Искорка надежды - Митч Элбом 2 стр.


Вместо этого я держался за старое; я каждую осень на Великие Праздники летал домой и стоял в синагоге рядом с отцом и матерью. Может быть, я отказывался от перемены из-за упрямства. А возможно, просто избегал лишних хлопот, ведь для меня это не было чем-то важным. Но как непредвиденное последствие моего бездействия в моей судьбе незаметным образом нечто осталось неизменным: со дня моего рождения и по сей день в моей жизни был только один-единственный служитель Богу.

Альберт Льюис.

И у него была только одна конгрегация.

Мы оба были однолюбами.

И, как мне казалось, кроме этого, нас ничто больше не объединяло.

ЖИЗНЬ ГЕНРИ

В то самое время, когда я жил и рос в пригороде, другой мальчик, почти что мой ровесник, жил и рос в Бруклине. Позднее ему тоже предстояло разобраться в вопросах веры. Но его путь был совсем иным.

Ребенком он спал в компании крыс.

У Вилли и Вильмы Ковингтон было семеро детей, и Генри Ковингтон оказался у них предпоследним по счету. Ковингтоны жили в крохотной, тесной квартирке на Уоррен-стрит. Четыре брата спали в одной комнатенке, три сестры - в другой.

Кухня принадлежала крысам.

Семья оставляла на ночь на кухонном столе миску с рисом, чтобы заманить в нее крыс, и тогда они не лезли в спальни. Днем самый старший брат Генри оборонялся от крыс духовым ружьем. Генри же боялся этих тварей до смерти и ночи напролет ворочался от страха.

Мать Генри была домработницей, - она прислуживала в основном в еврейских семьях, - а отец - пройдохой. Высокий, крепкий мужчина и большой любитель пения. У него был приятный голос - вроде как у Отиса Рединга. В пятницу вечером он обычно брился перед зеркалом и тихонько напевал "Длинноногую женщину", а его жена, прекрасно понимавшая, куда он собирается, закипала от гнева. И начинались яростные, крикливые ссоры.

Когда Генри было пять лет, во время одной из таких пьяных перебранок его родители с воплями и руганью выкатились на улицу. Вильма с двадцатидвухкалиберным ружьем в руках грозилась пристрелить мужа. Не успела она взвести курок, как к ней с криком "Миссис, не делайте этого!" подскочил прохожий.

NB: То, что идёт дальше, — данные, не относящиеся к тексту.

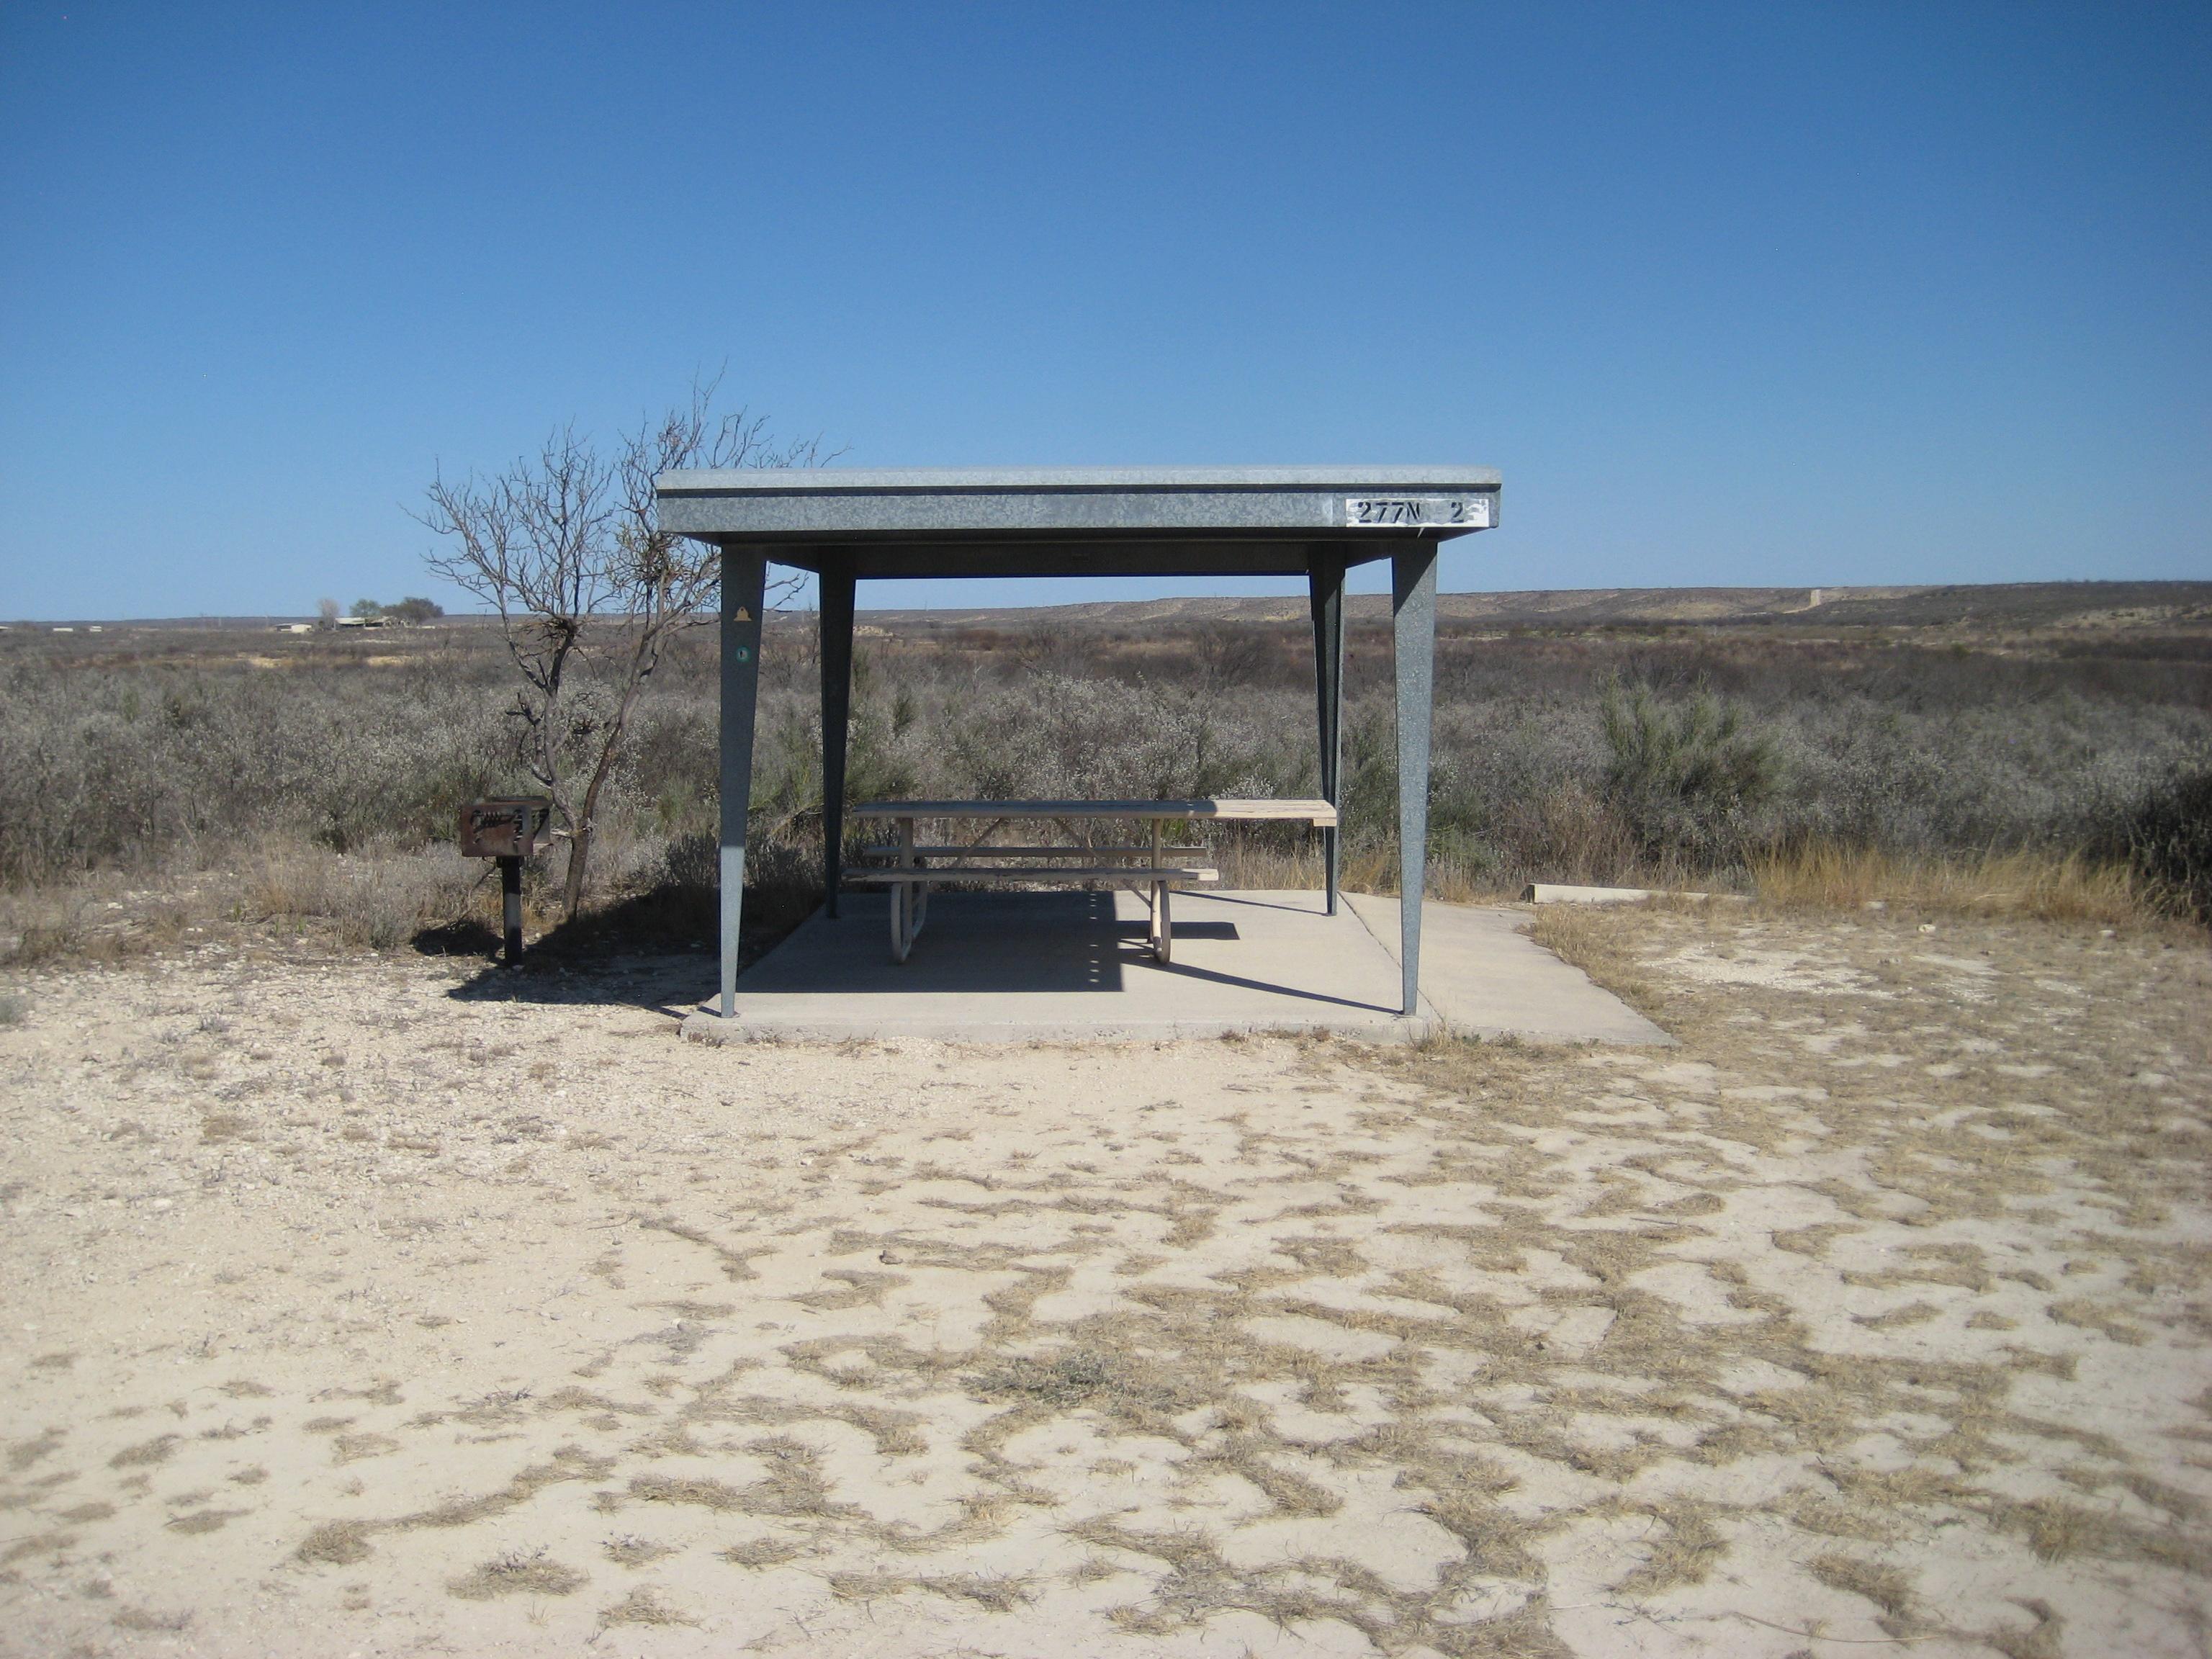 Picnic table on cement pad under metal shade shelter

Пуля прострелила ему руку.

Вильму посадили в Бедфорд-Хиллс - женскую тюрьму строгого режима. На два года. По выходным отец и Генри ходили ее навещать. Разговаривали они через стекло.

- Ты по мне скучаешь? - спрашивала Вильма у Генри.

- Да, мама, - отвечал Генри.

В те годы Генри был совсем тощим; чтобы он хоть немного поправился, его кормили специальной смесью для прибавления веса. По воскресеньям он ходил в соседнюю баптистскую церковь, пастор которой приводил детей к себе домой и угощал мороженым. Генри это нравилось. Для него это было введением в христианство. Пастор говорил об Иисусе и Боге-отце, а Генри рассматривал картинки, изображавшие Иисуса, и пытался представить себе Бога. Он казался Генри гигантским темным облаком с нечеловеческими глазами. И короной на голове.

Ночью Генри молил облако не пускать к нему крыс.

ПАПКА С НАДПИСЬЮ "БОГ"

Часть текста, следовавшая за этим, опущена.